What is the fundamental difference between tarring a folder using tar
on Unix and tarfile
in Python that results in a different file size?
In the example below, there is an 8.2 MB difference. I'm currently using a Mac. The folder in this example contains a bunch of random text files for testing purposes.

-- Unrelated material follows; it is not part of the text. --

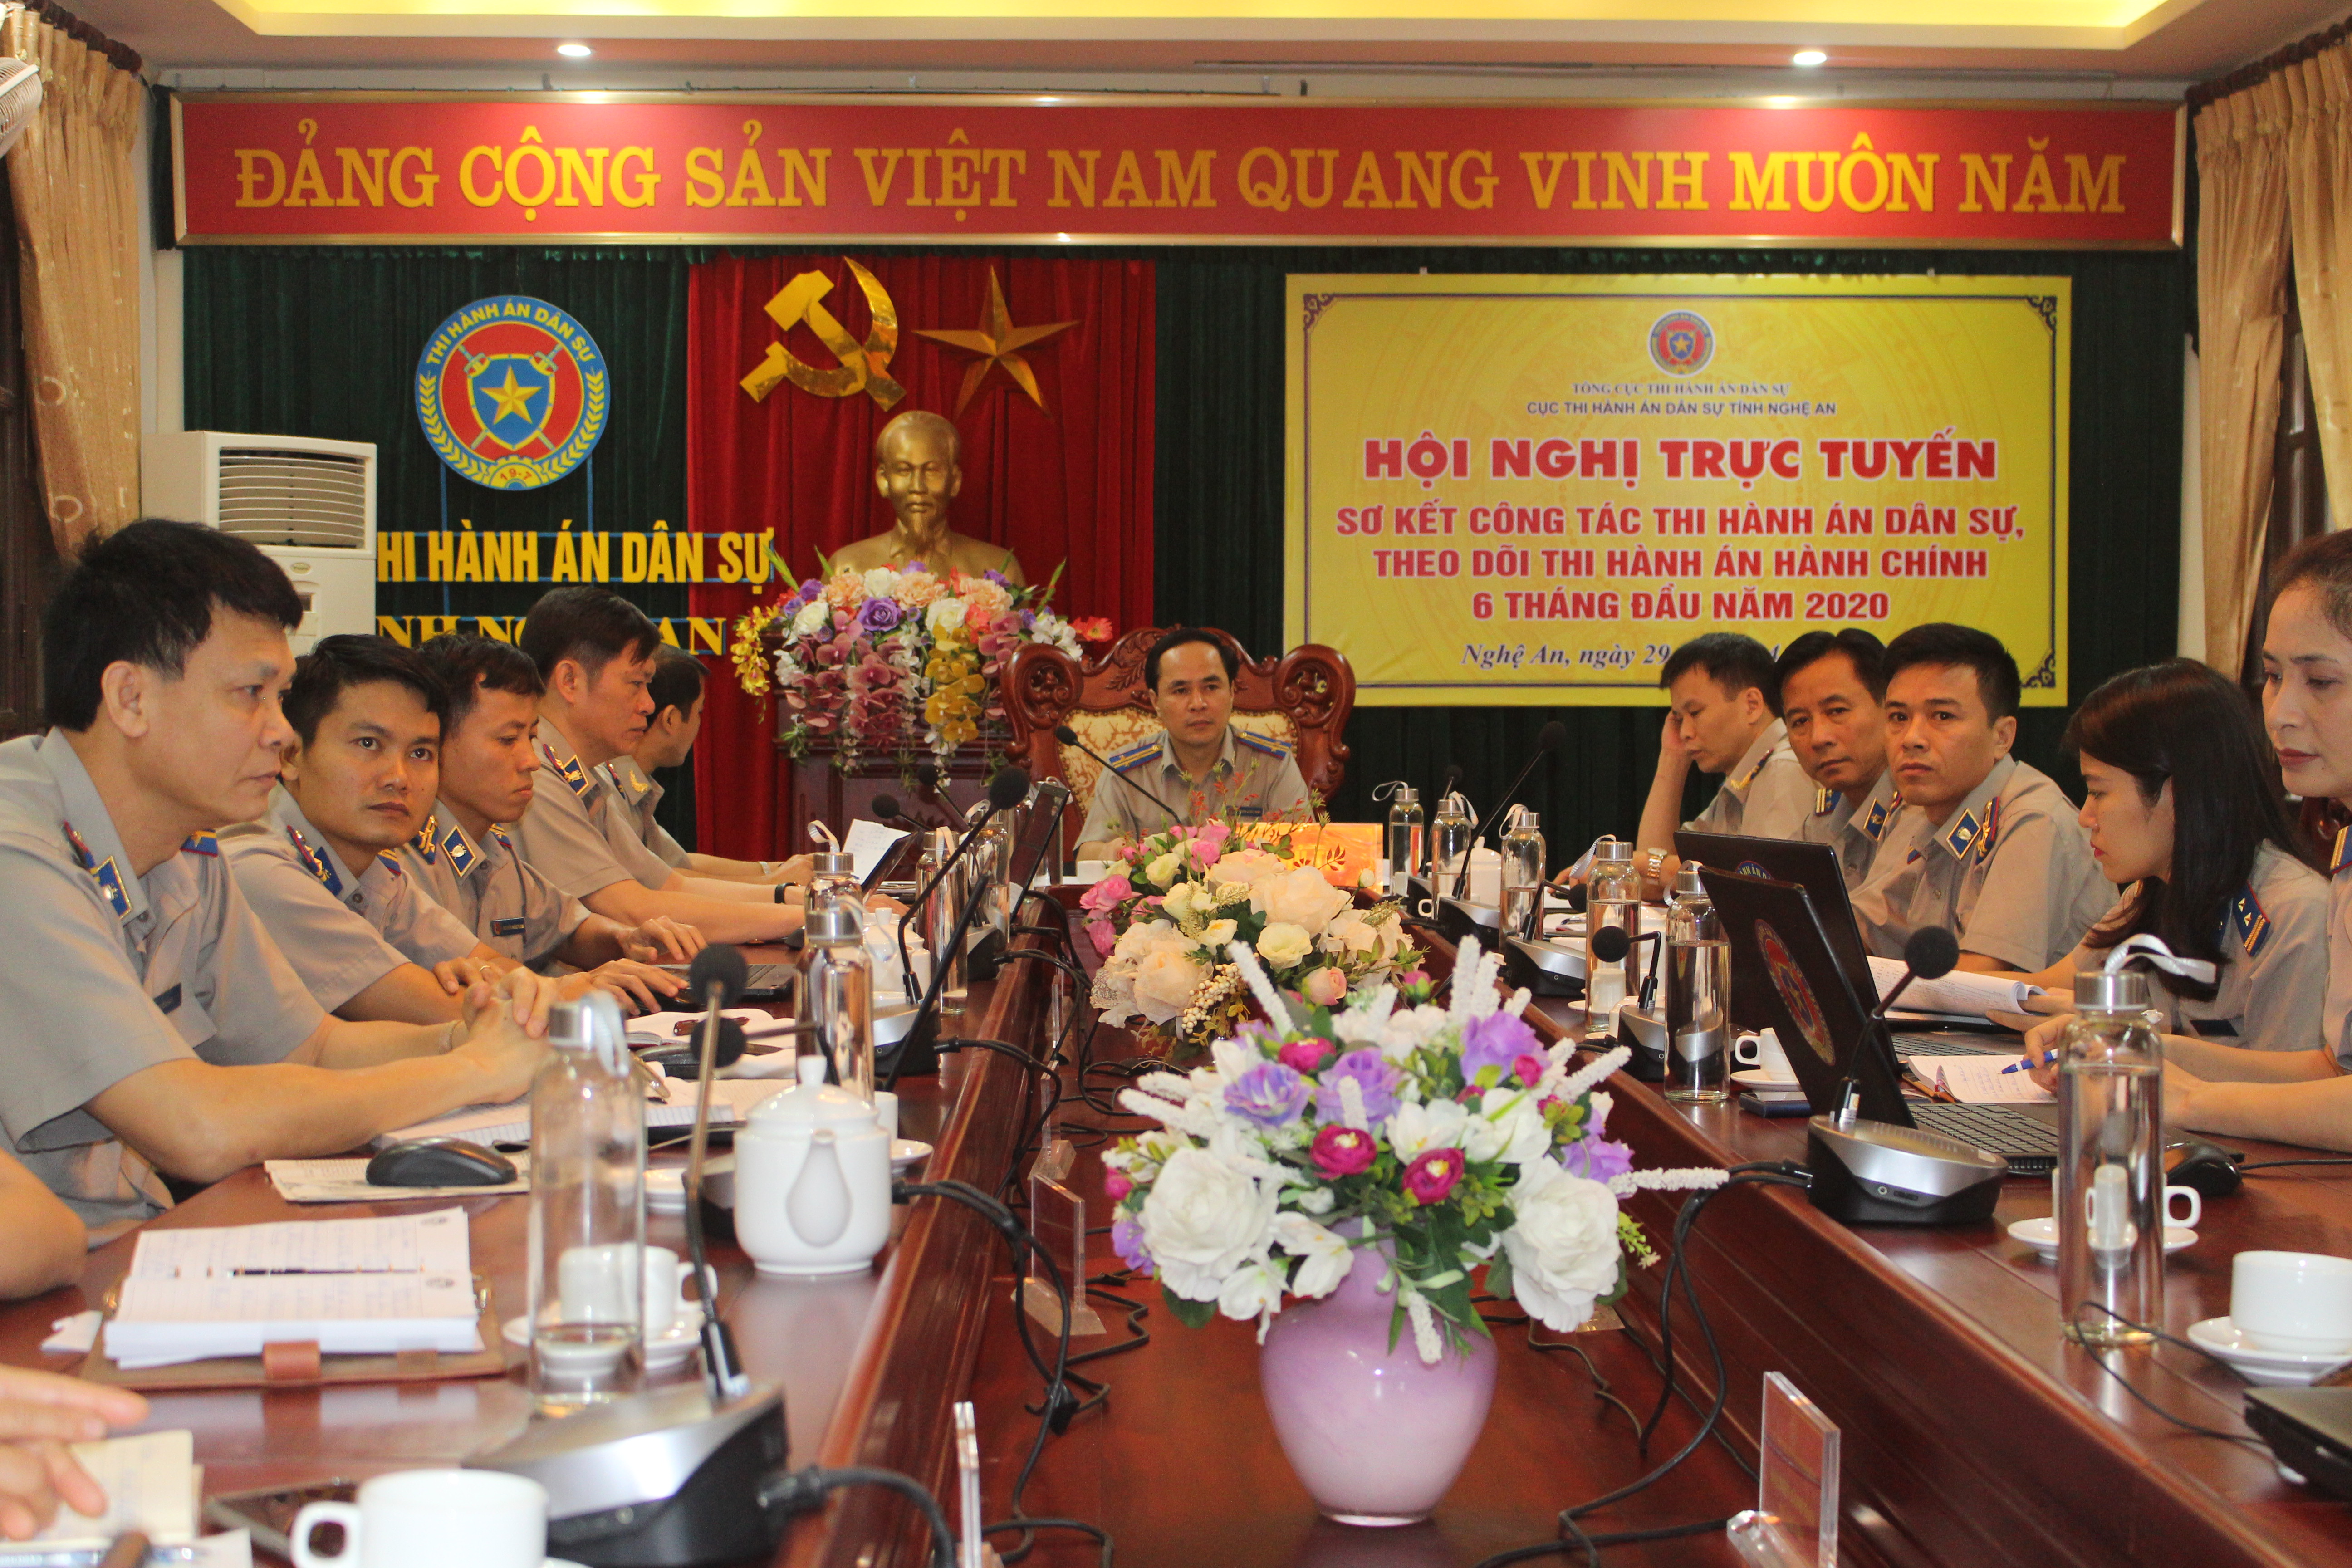 Cục Thi hành án dân sự tỉnh Nghệ An tổ chức Hội nghị trực tuyến sơ kết công tác Thi hành án dân sự, theo dõi thi hành án hành chính 6 tháng đầu năm 2020.

tar -cvf archive_unix.tar files/
python -m tarfile -c archive_pycli.tar files/ # using Python 3.9.6
-rw-r--r-- 1 userid staff 24606720 Oct 15 09:40 archive_pycli.tar
-rw-r--r-- 1 userid staff 16397824 Oct 15 09:39 archive_unix.tar
Interesting question. The documentation of tarfile
(https://docs.python.org/3/library/tarfile.html) mentions that the
default format for tar archive created by tarfile
is, since python
3.8, PAX_FORMAT
whereas archives created by the tar
command have
the GNU format which I believe explains the difference.
Now to produce the same archive as the tar
command and one with the
default format (as your command did):
import tarfile
with tarfile.TarFile(name='archive-py-gnu.tar', mode='w', format=tarfile.GNU_FORMAT) as tf:
tf.add('tmp')
with tarfile.TarFile(name='archive-py-default.tar', mode='w') as tf:
tf.add('tmp')
For comparison:
$ tar cf archive-tar.tar tmp/
$ ls -l
3430400 16:28 archive-py-default.tar
3317760 16:28 archive-py-gnu.tar
3317760 16:27 archive-tar.tar
Results of the file
command:
$ file archive_unix.tar
archive_unix.tar: POSIX tar archive (GNU)
$ file archive-py-gnu.tar
archive-py-gnu.tar: POSIX tar archive (GNU)
$ file archive-py-default.tar
archive-py-default.tar: POSIX tar archive
Now I cannot tell you the difference between the different formats, sorry. But I hope this helps.